* **Aim of the task**:
The required result is a copy of each line below in which "children" appears.

* **Provided material**:
------------------------------------
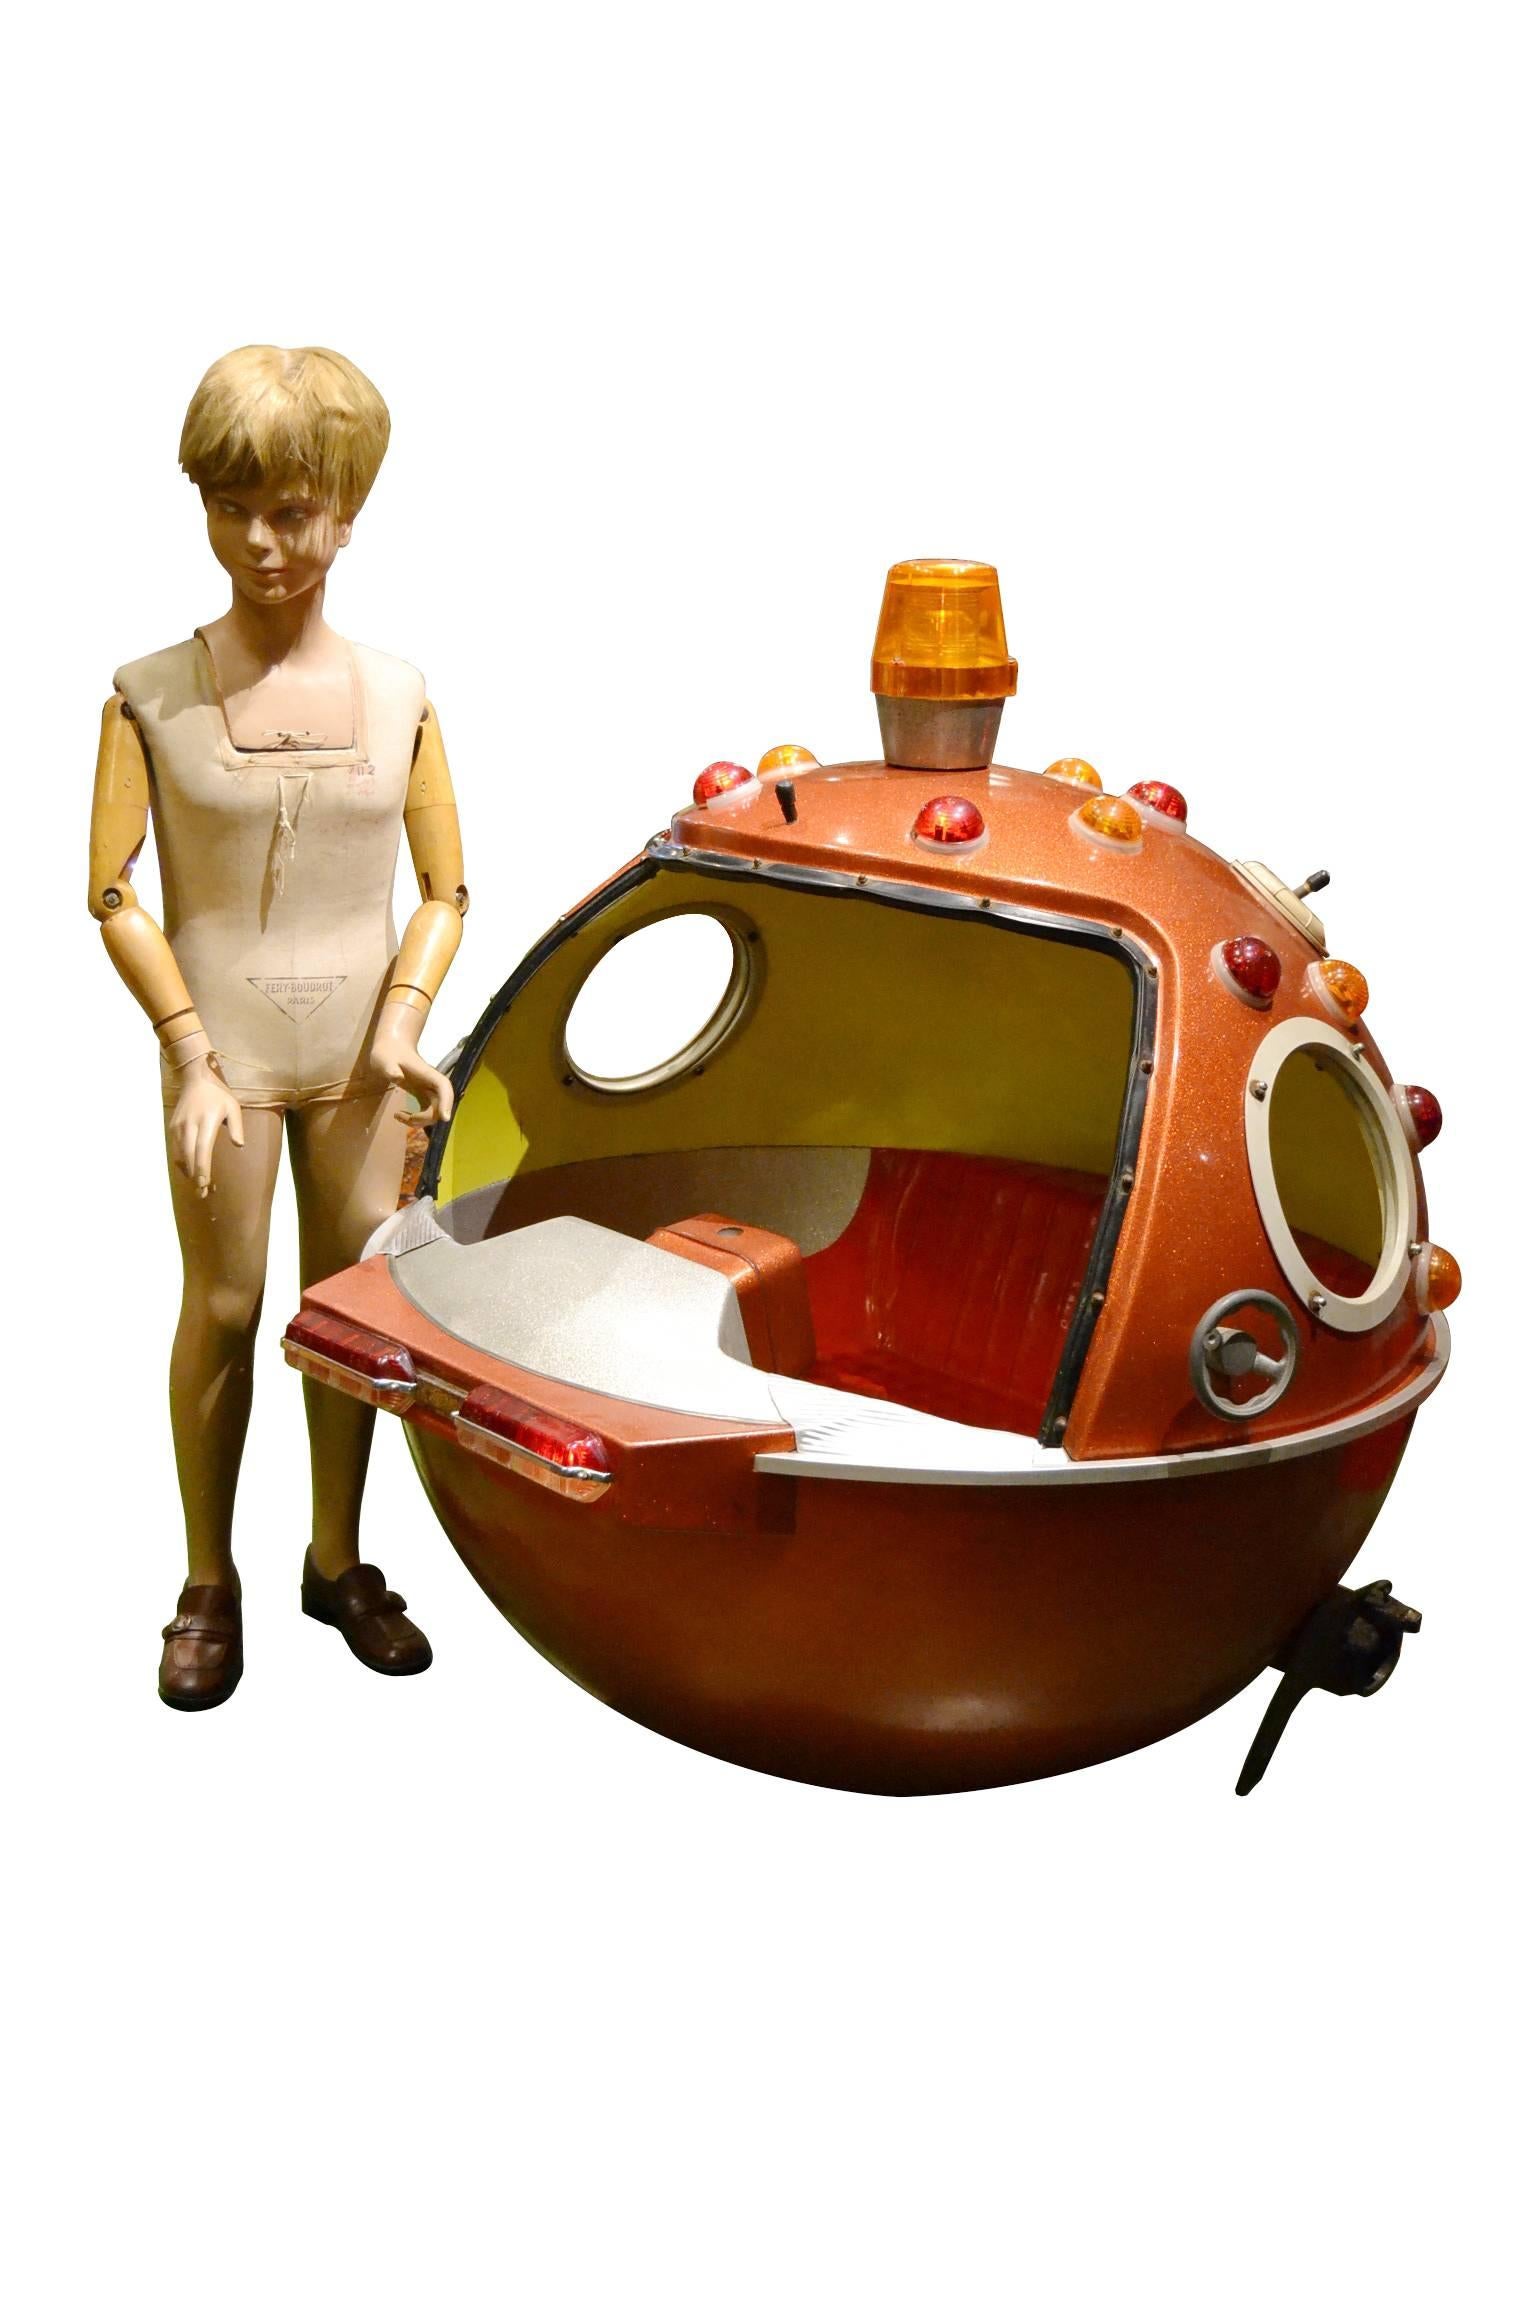 Marvelous Vintage Special Carousel / fairground Sputnik Capsule, space age space shuttle, space capsule, spaceship - time capsule - Ufo - space ball.
1970s extraordinary piece - children's furniture 
as a game room - game chair - children's chair
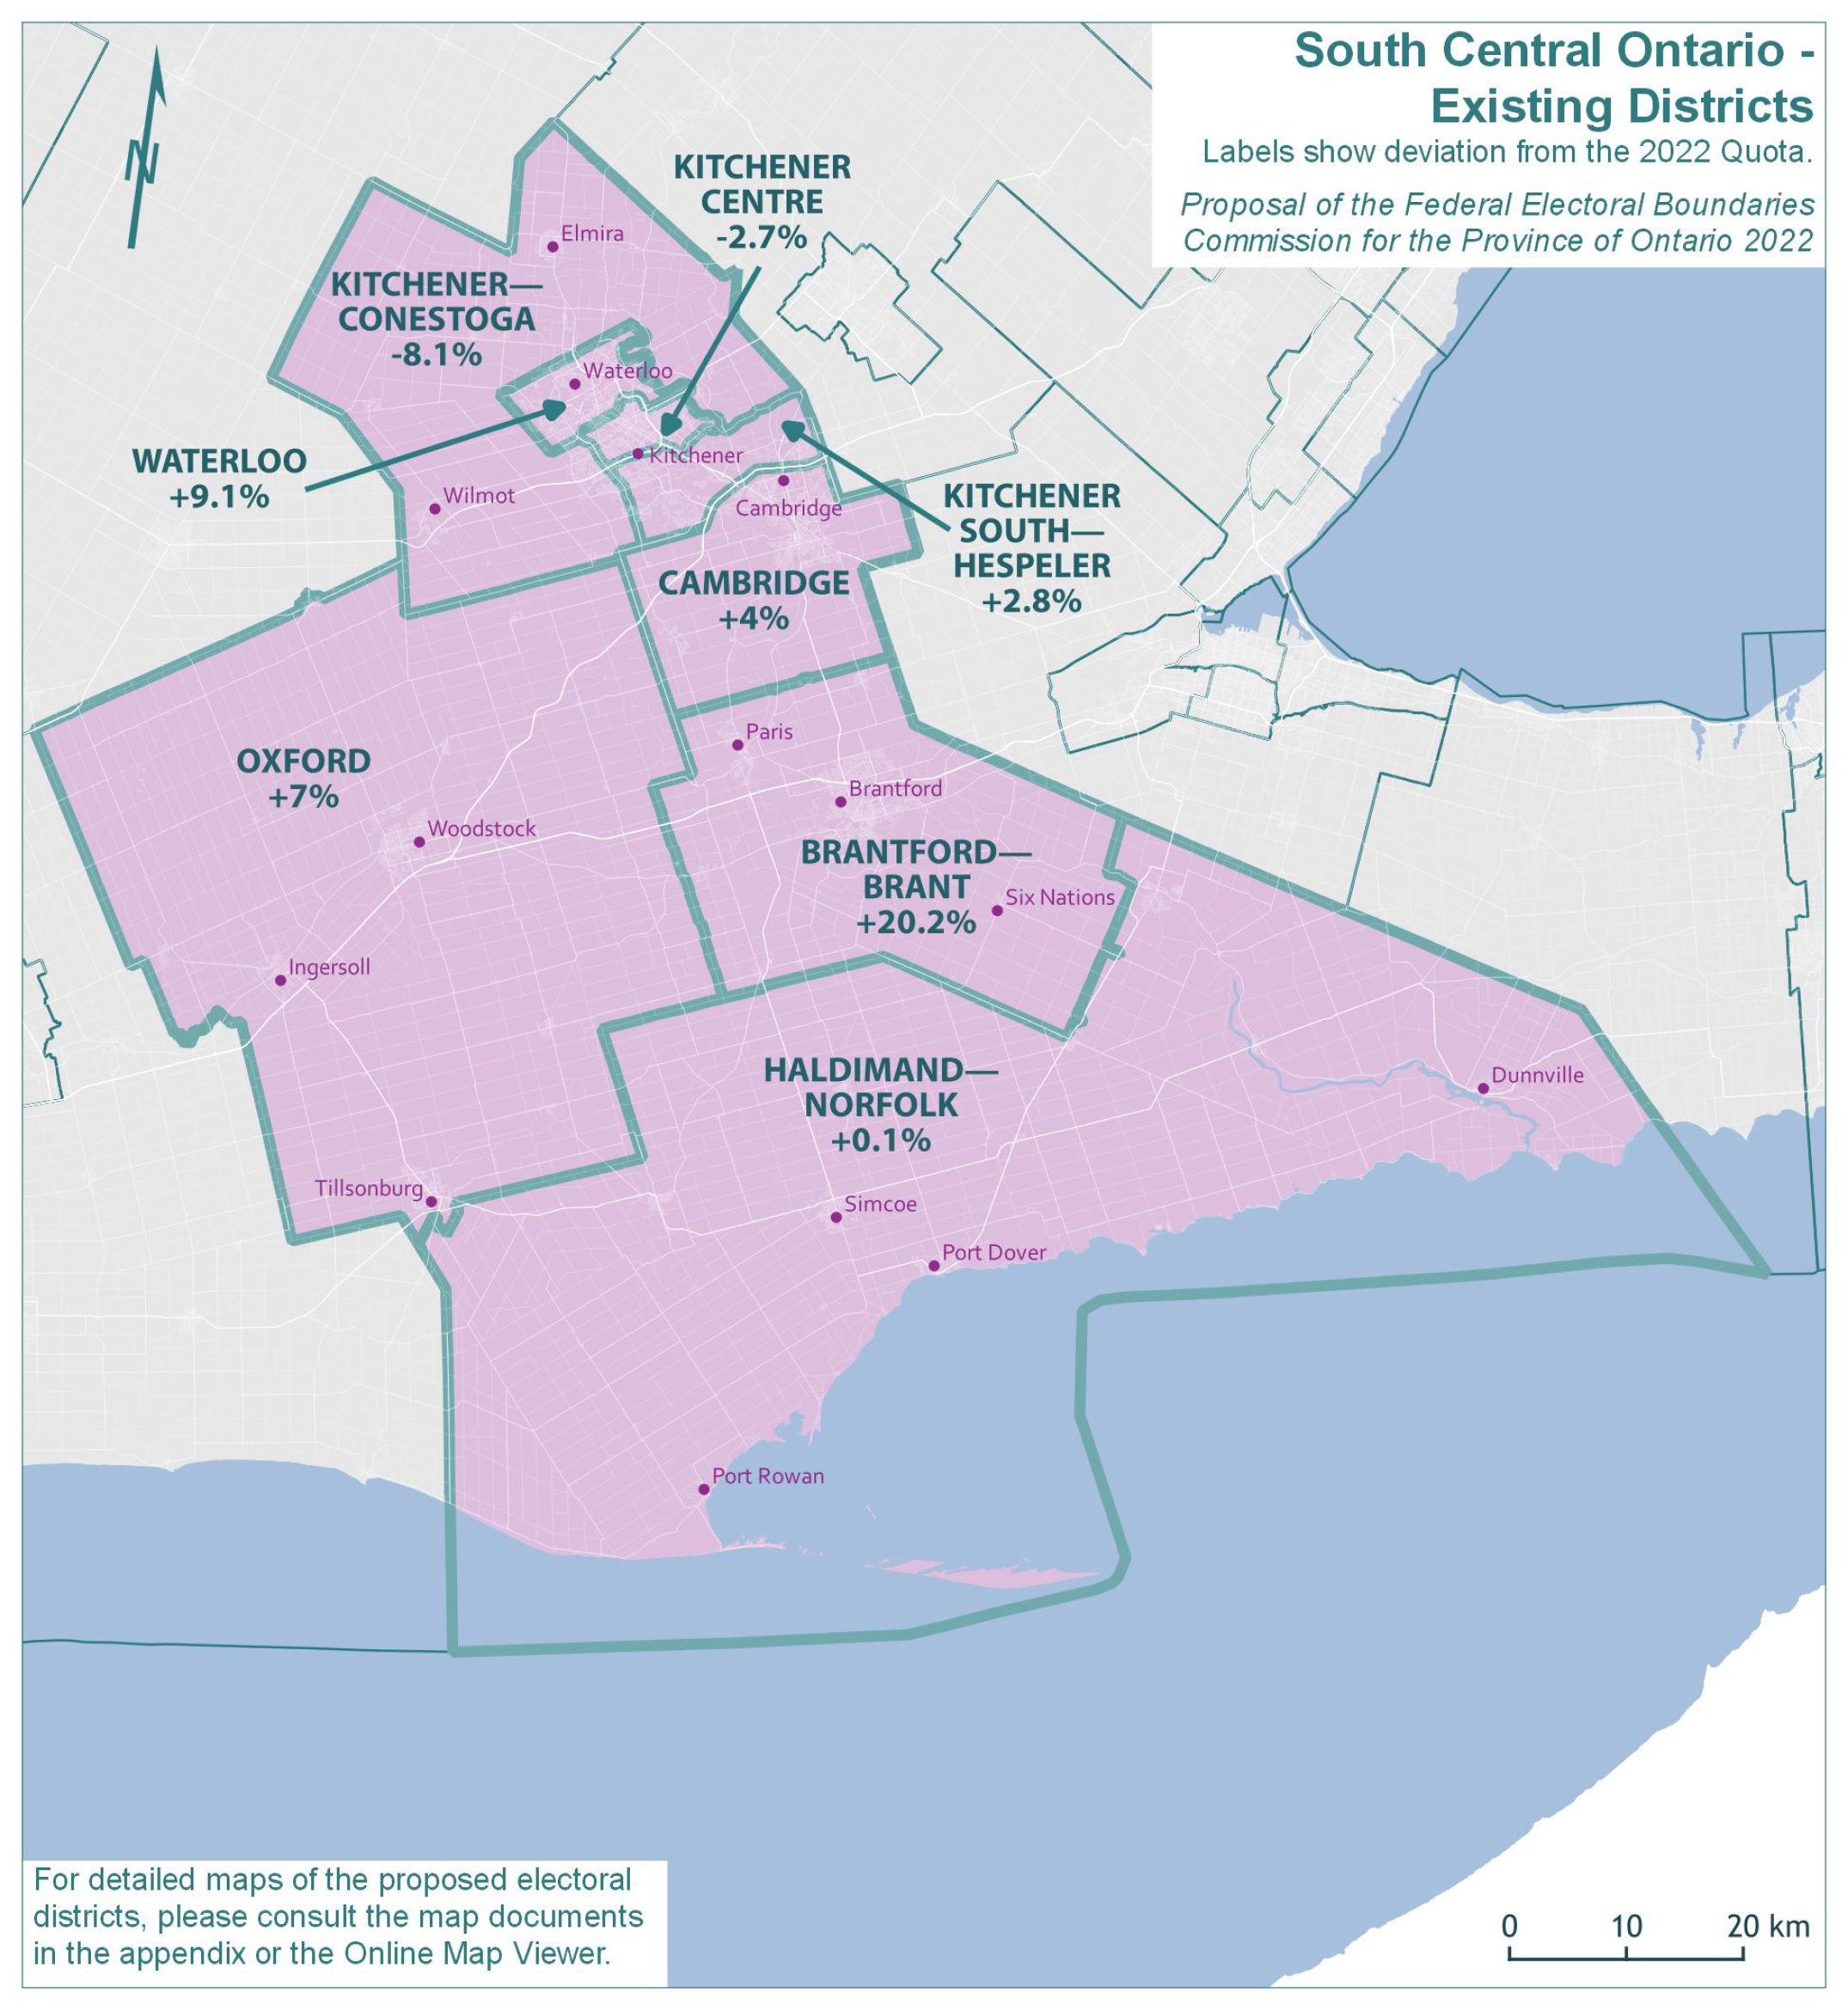 South Central Ontario - Existing Districts
------------------------------------
* **Solution for this task**:
1970s extraordinary piece - children's furniture 
as a game room - game chair - children's chair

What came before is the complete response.